• EXERCISE OBJECTIVE
Could you retype the whole listing word for word and drop the images?

• INFORMATION SHOWN
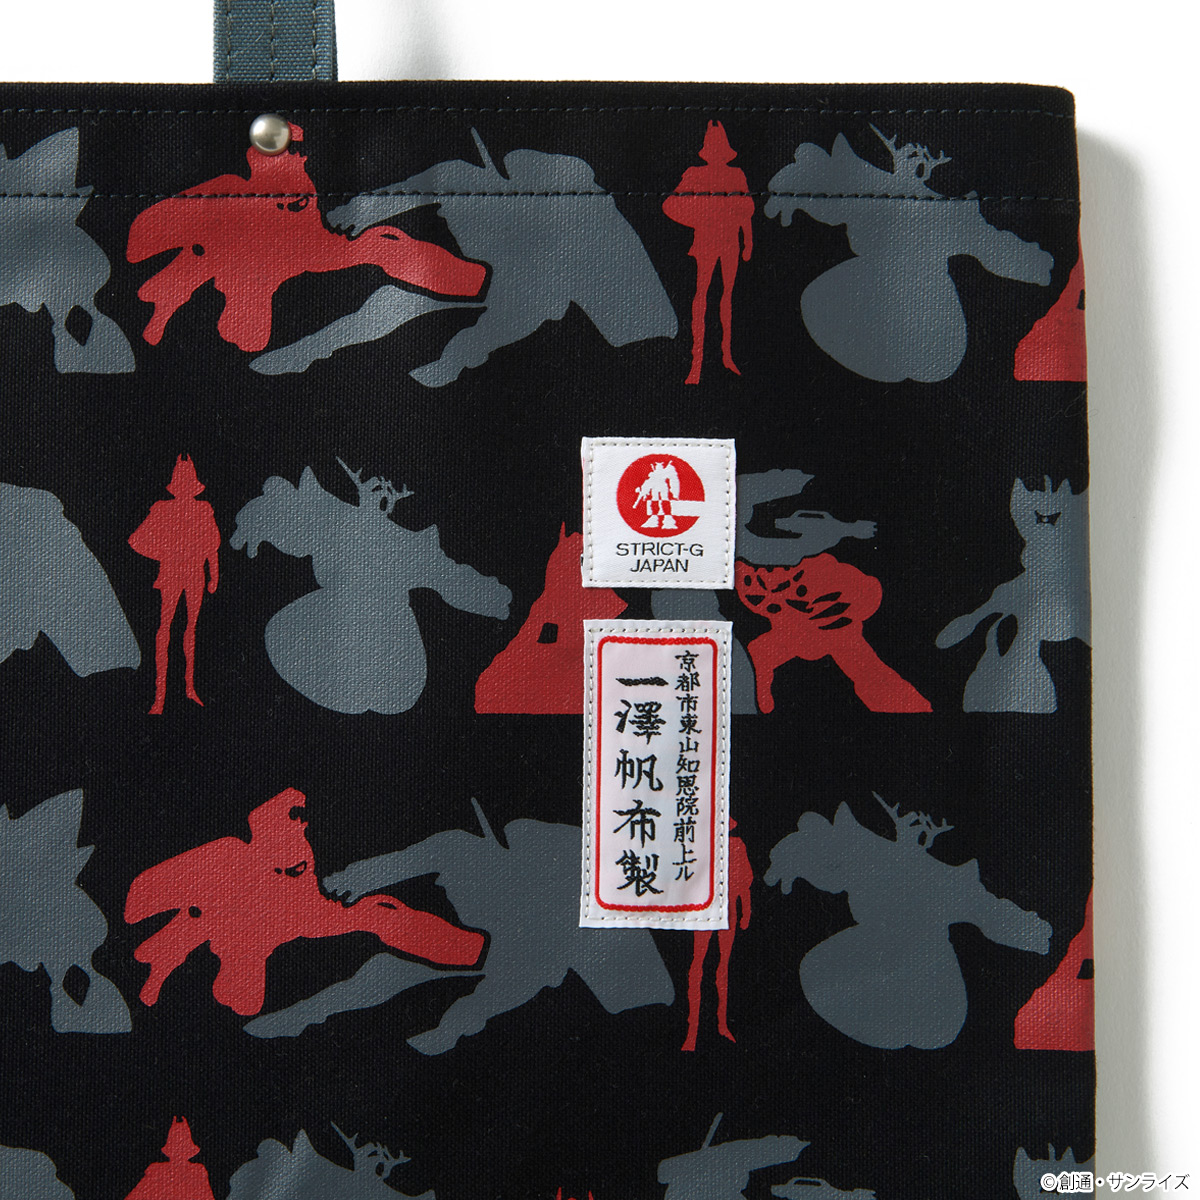 STRICT-G JAPAN 一澤帆布製『機動戦士ガンダム』トートバッグ 赤い彗星 
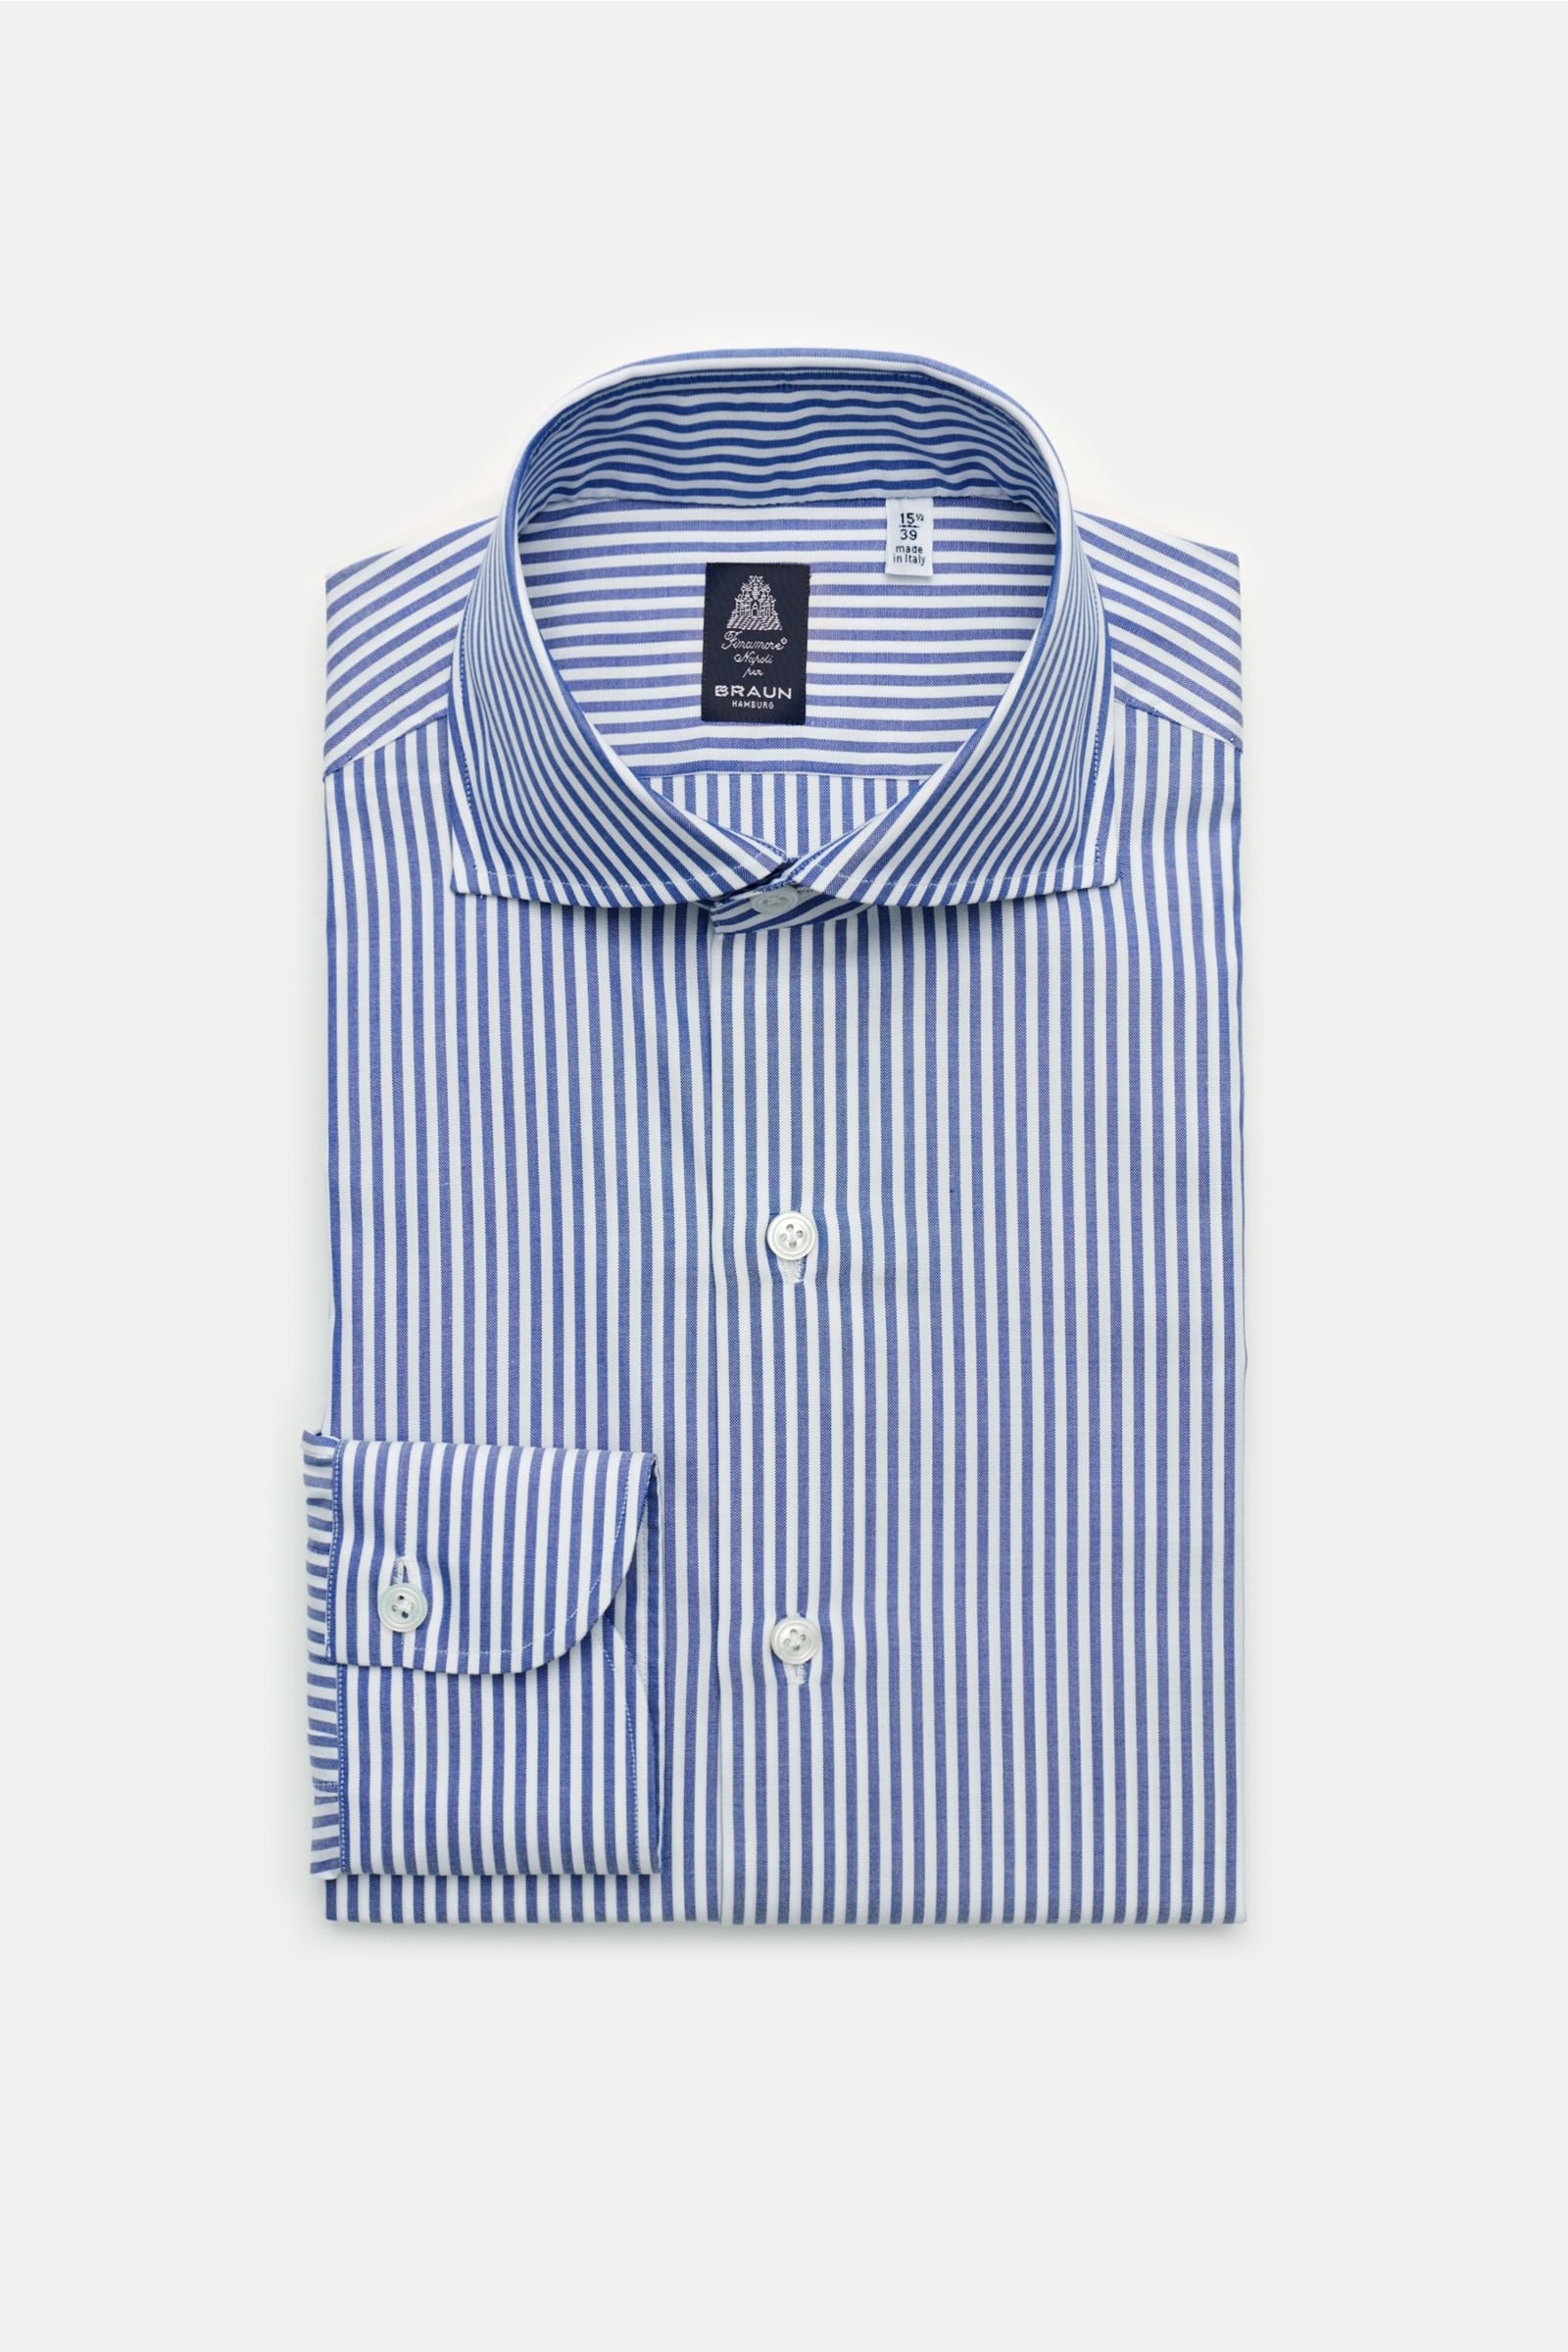 Business shirt 'Eduardo Napoli' shark collar grey-blue/white striped
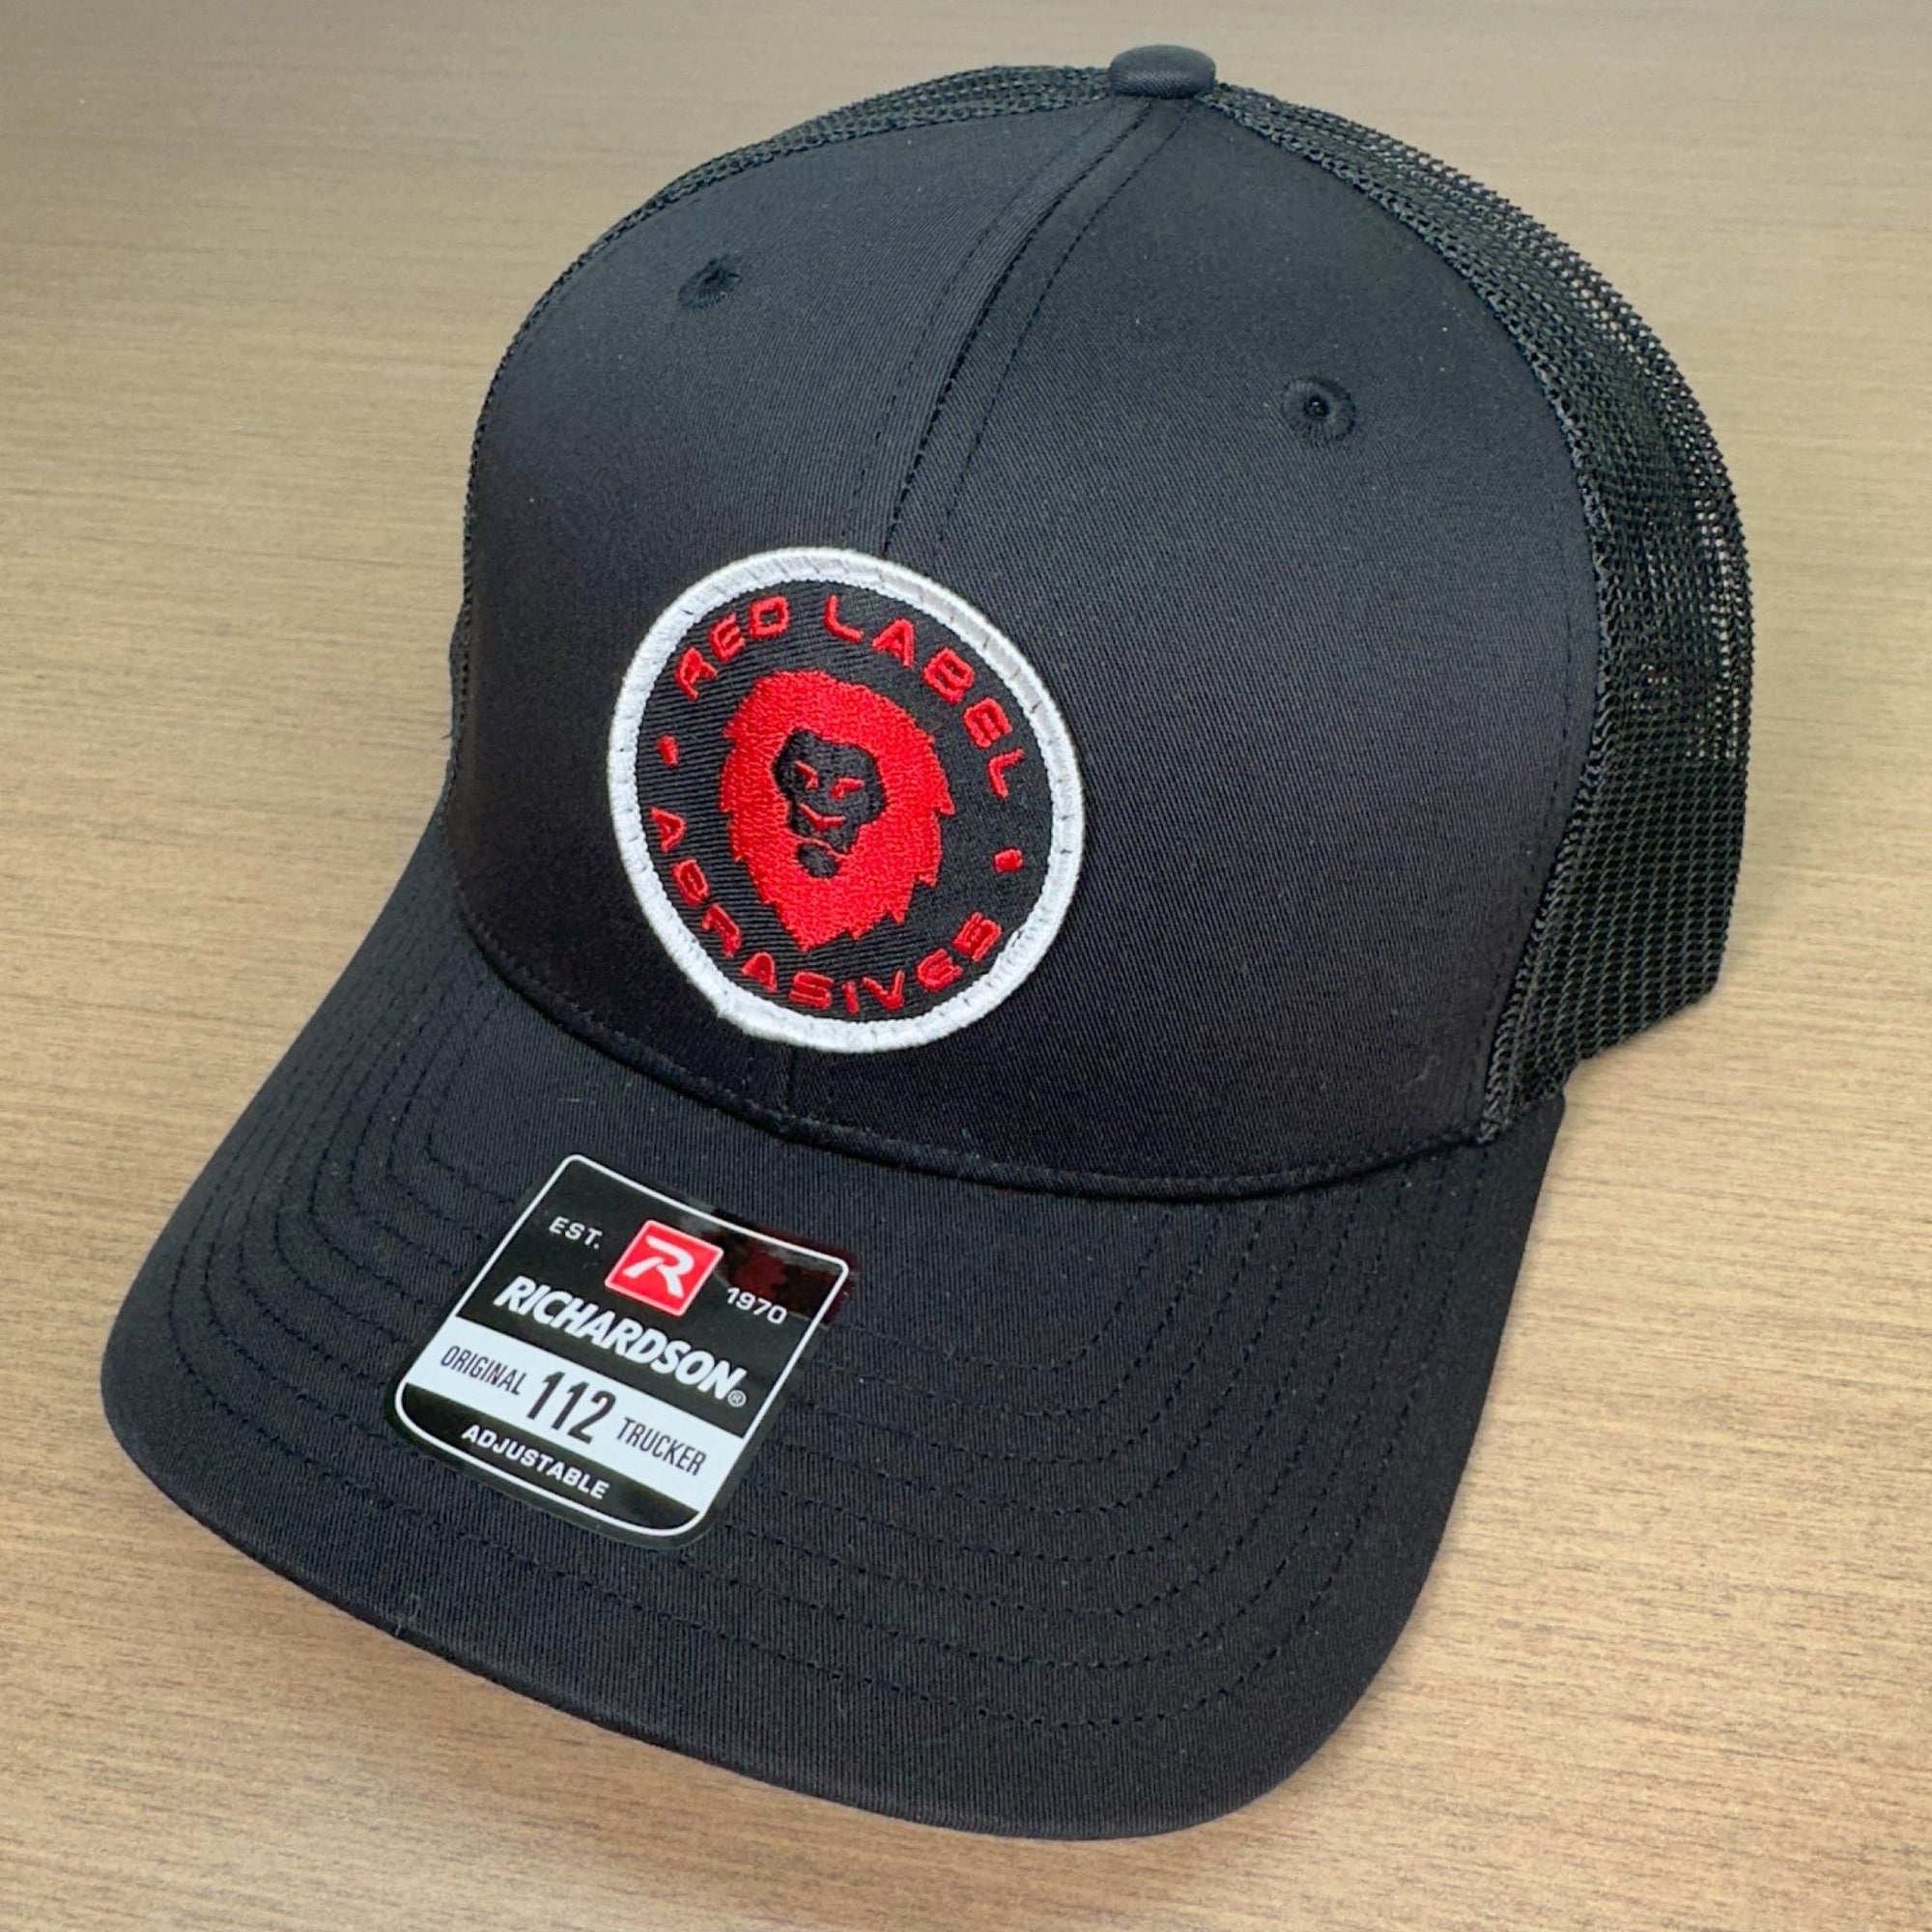 Red Label Round Patch Black Trucker Hat - Red Label Abrasives

• EXPECTED ANSWER
 STRICT-G JAPAN 一澤帆布製『機動戦士ガンダム』トートバッグ 赤い彗星 
 Business shirt 'Eduardo Napoli' shark collar grey-blue/white striped
 Red Label Round Patch Black Trucker Hat - Red Label Abrasives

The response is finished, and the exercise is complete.